Supplied material>
++++++++
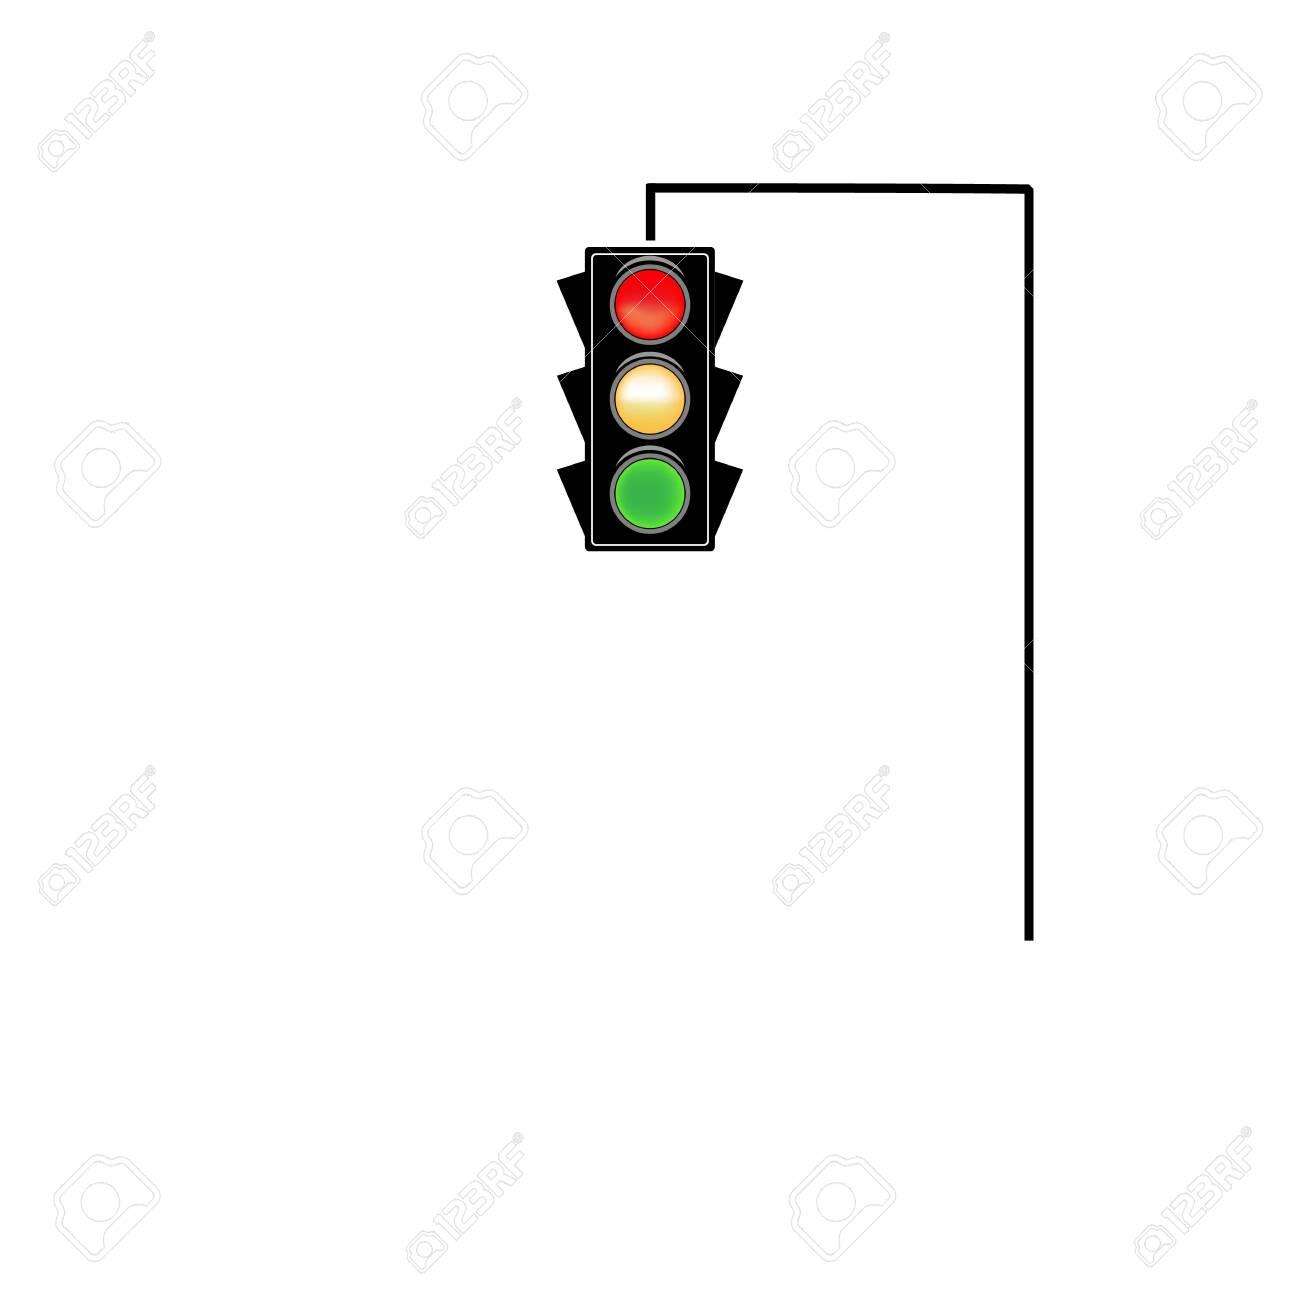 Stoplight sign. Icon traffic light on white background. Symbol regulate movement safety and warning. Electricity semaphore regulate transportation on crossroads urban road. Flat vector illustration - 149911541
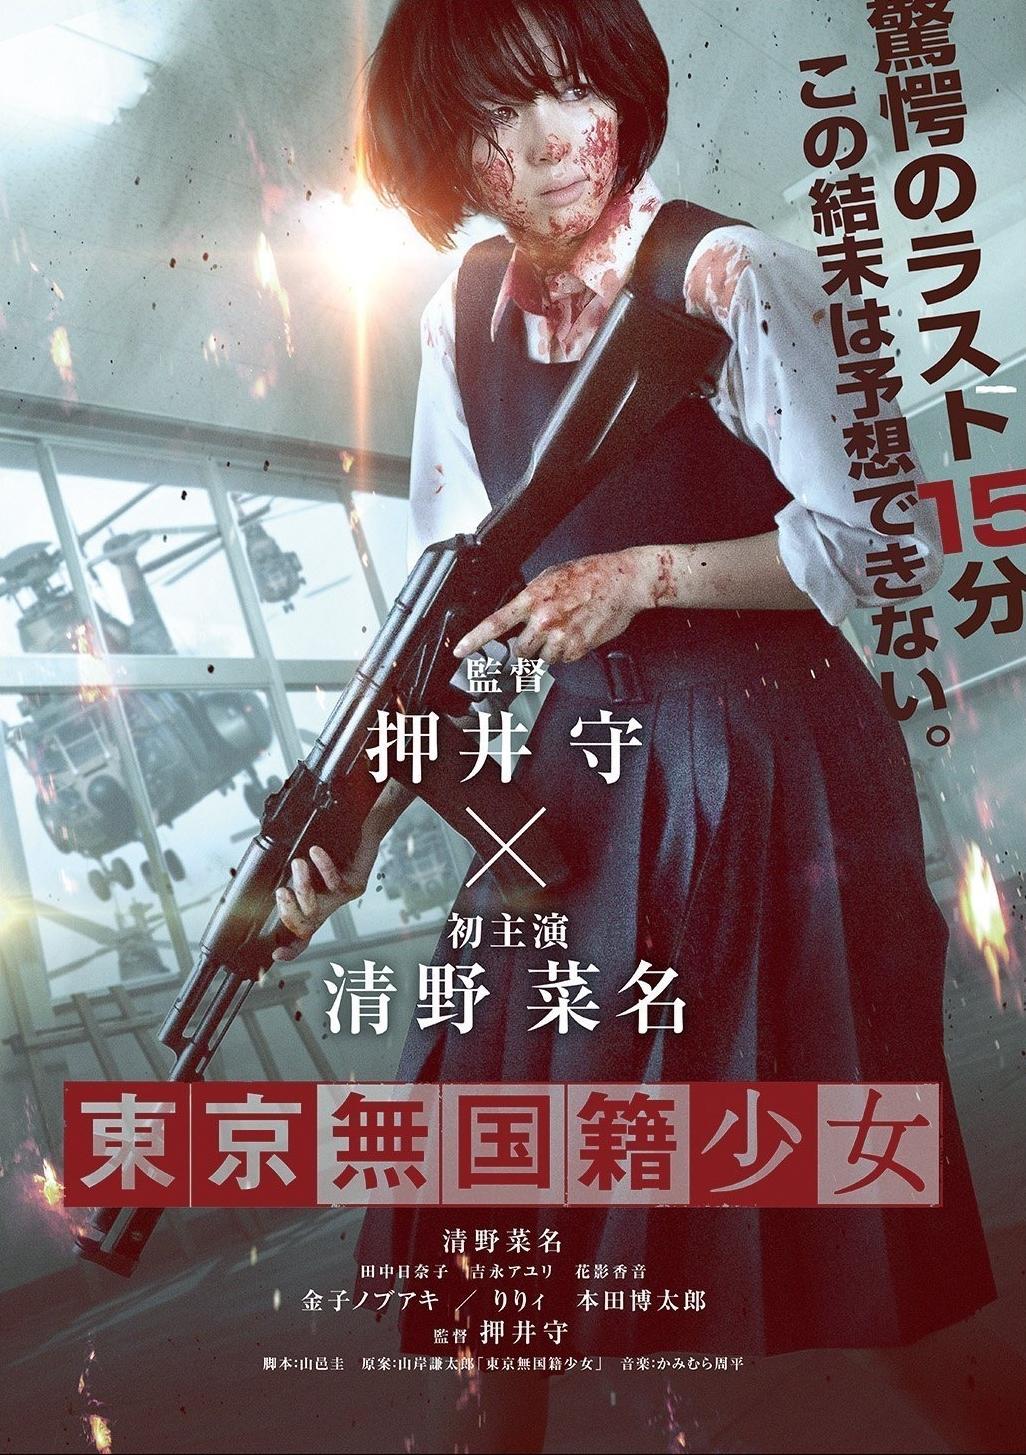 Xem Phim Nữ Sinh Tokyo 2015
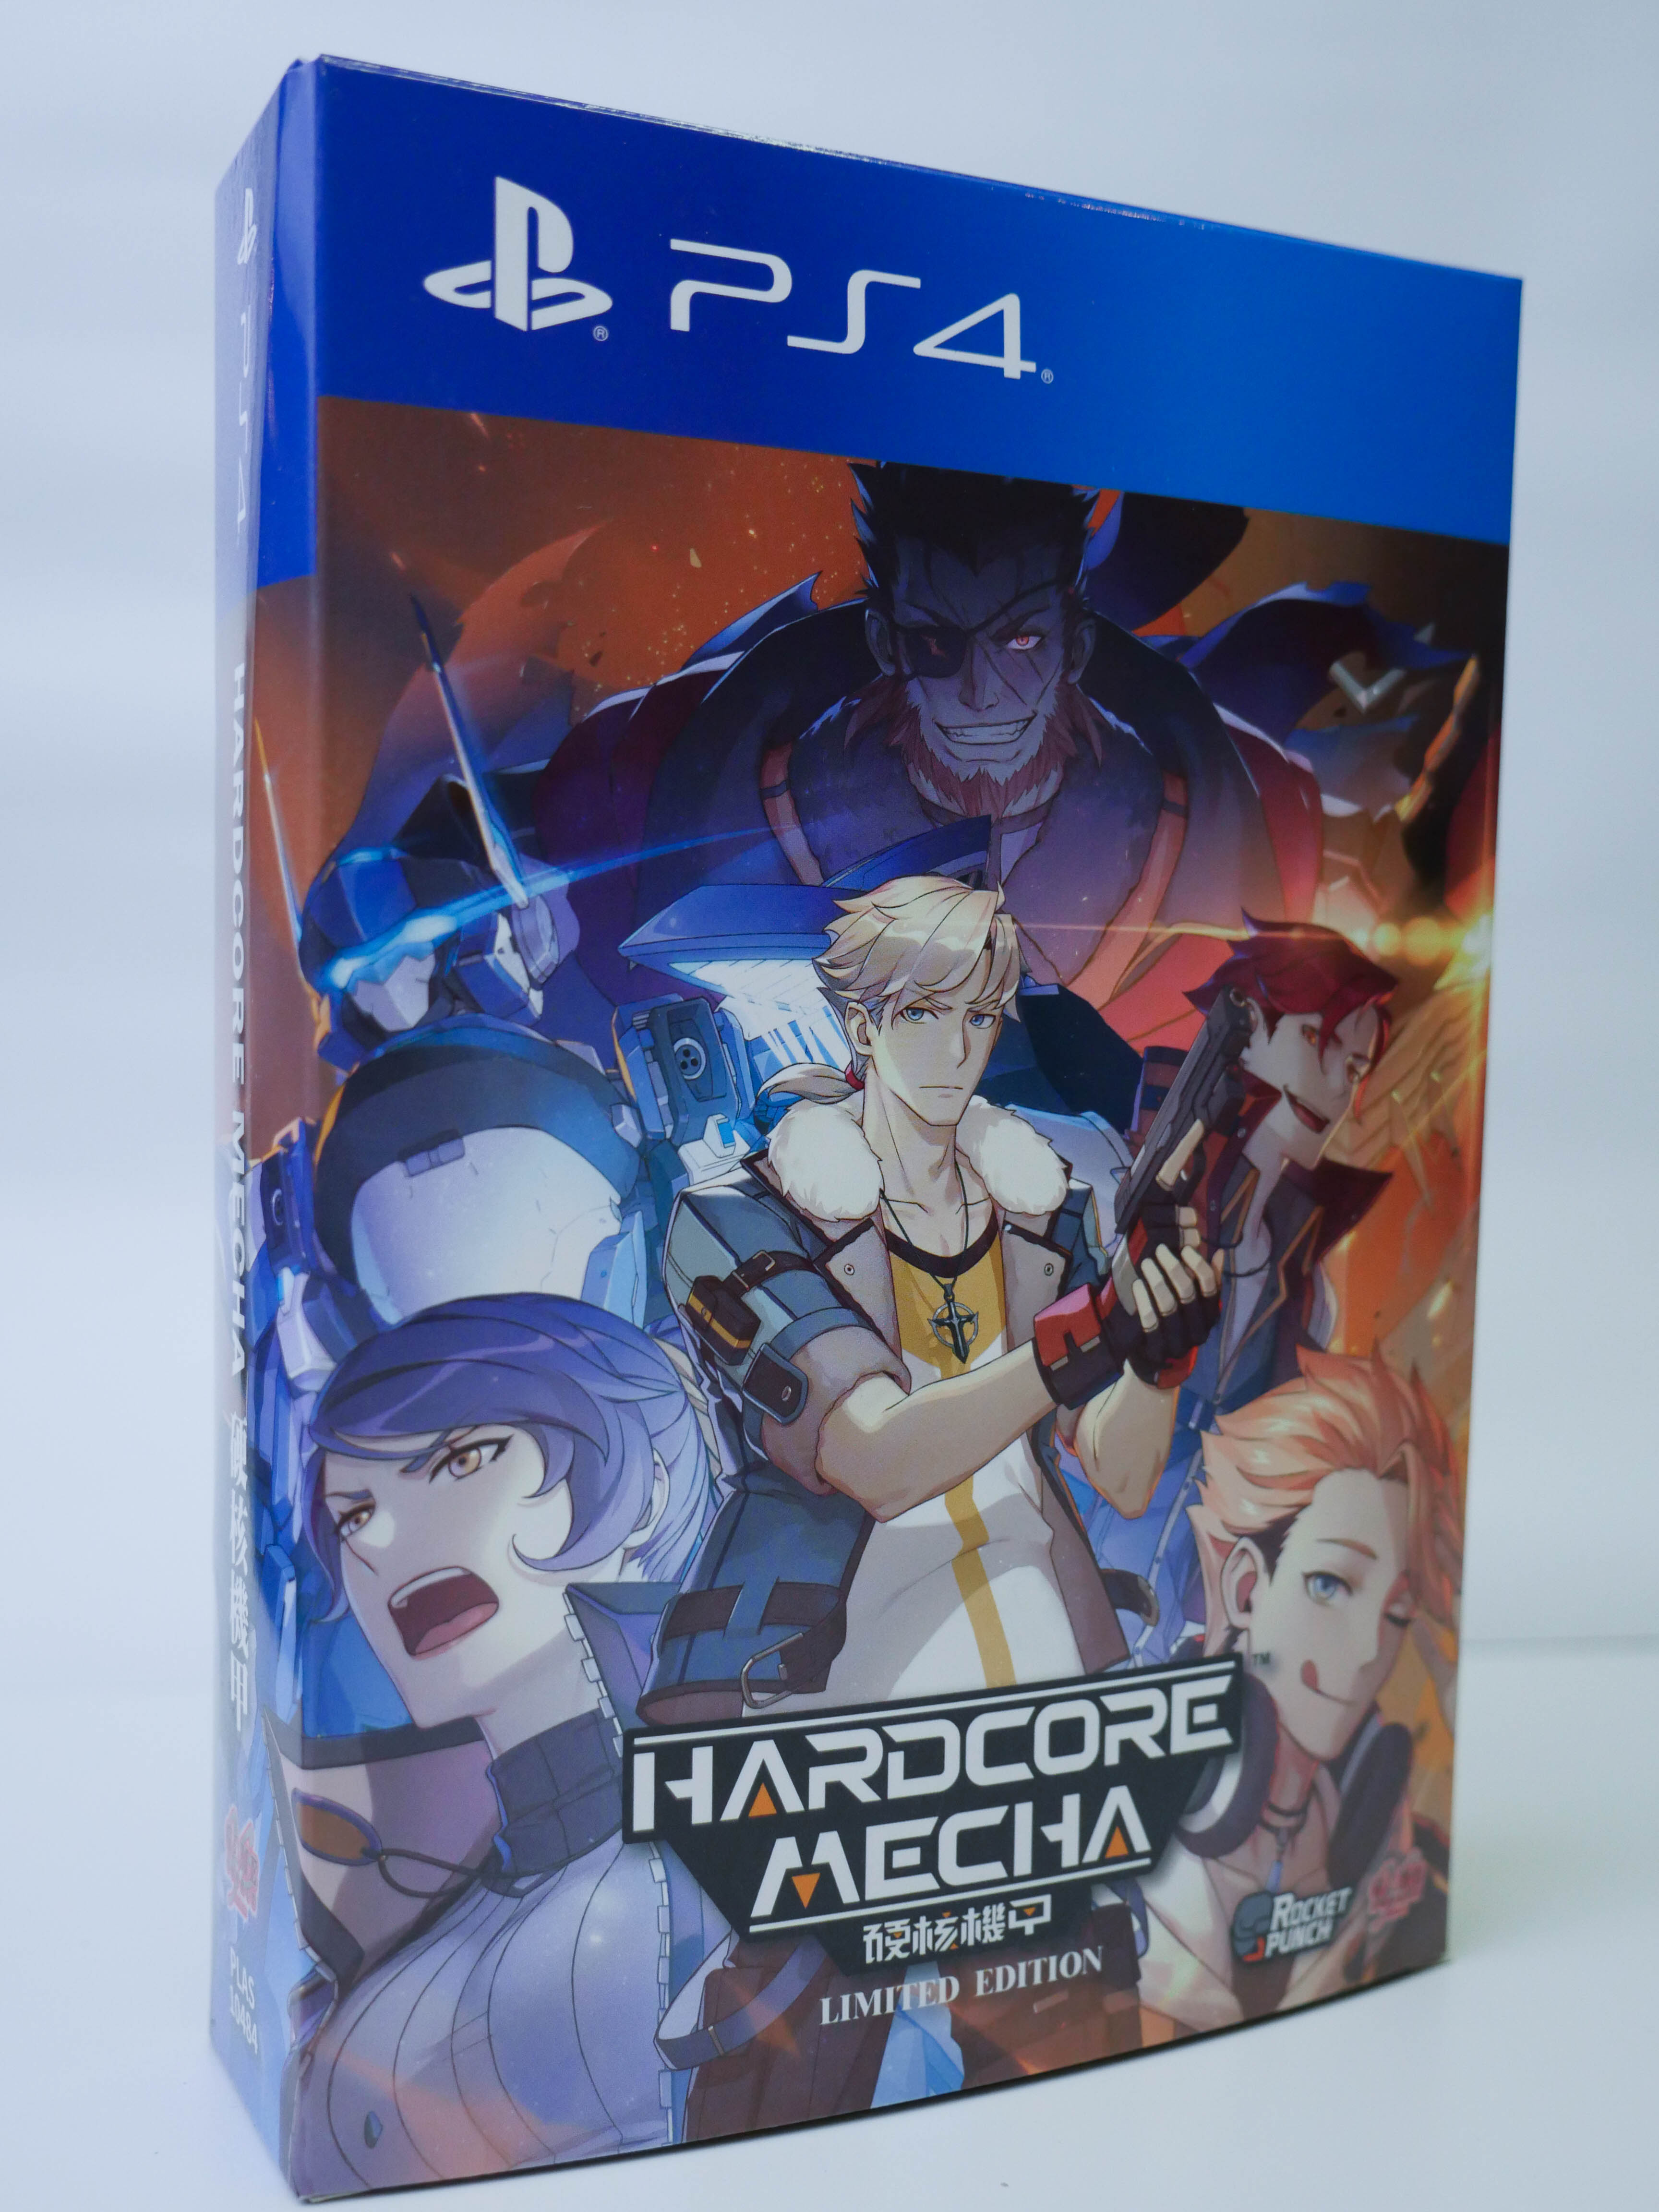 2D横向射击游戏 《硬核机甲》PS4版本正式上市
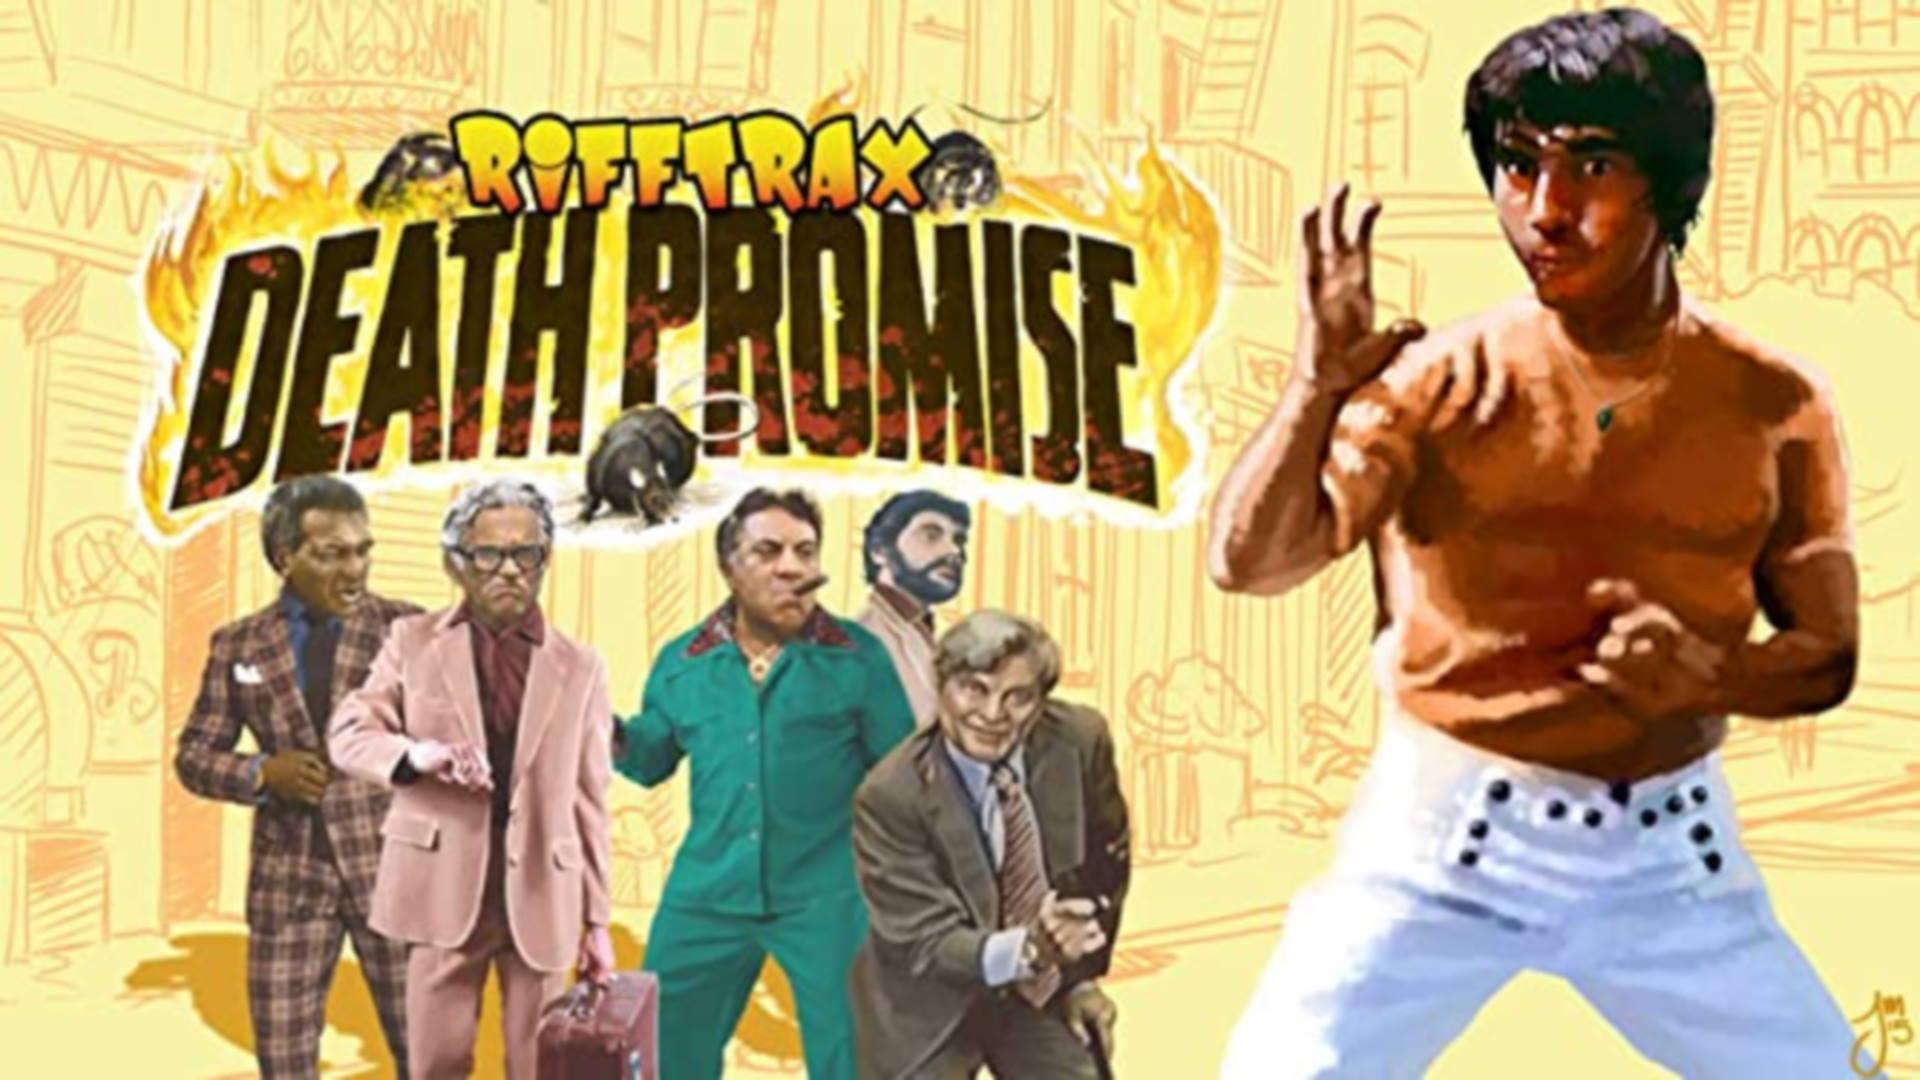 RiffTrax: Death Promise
++++++++
Your task>
Starting at the line that contains "2D横向射击游戏 《硬核机甲》PS4版本正式上市", extract each line through the last line of the material exactly as written, and include no pictures.

Answer below>
 2D横向射击游戏 《硬核机甲》PS4版本正式上市
 RiffTrax: Death Promise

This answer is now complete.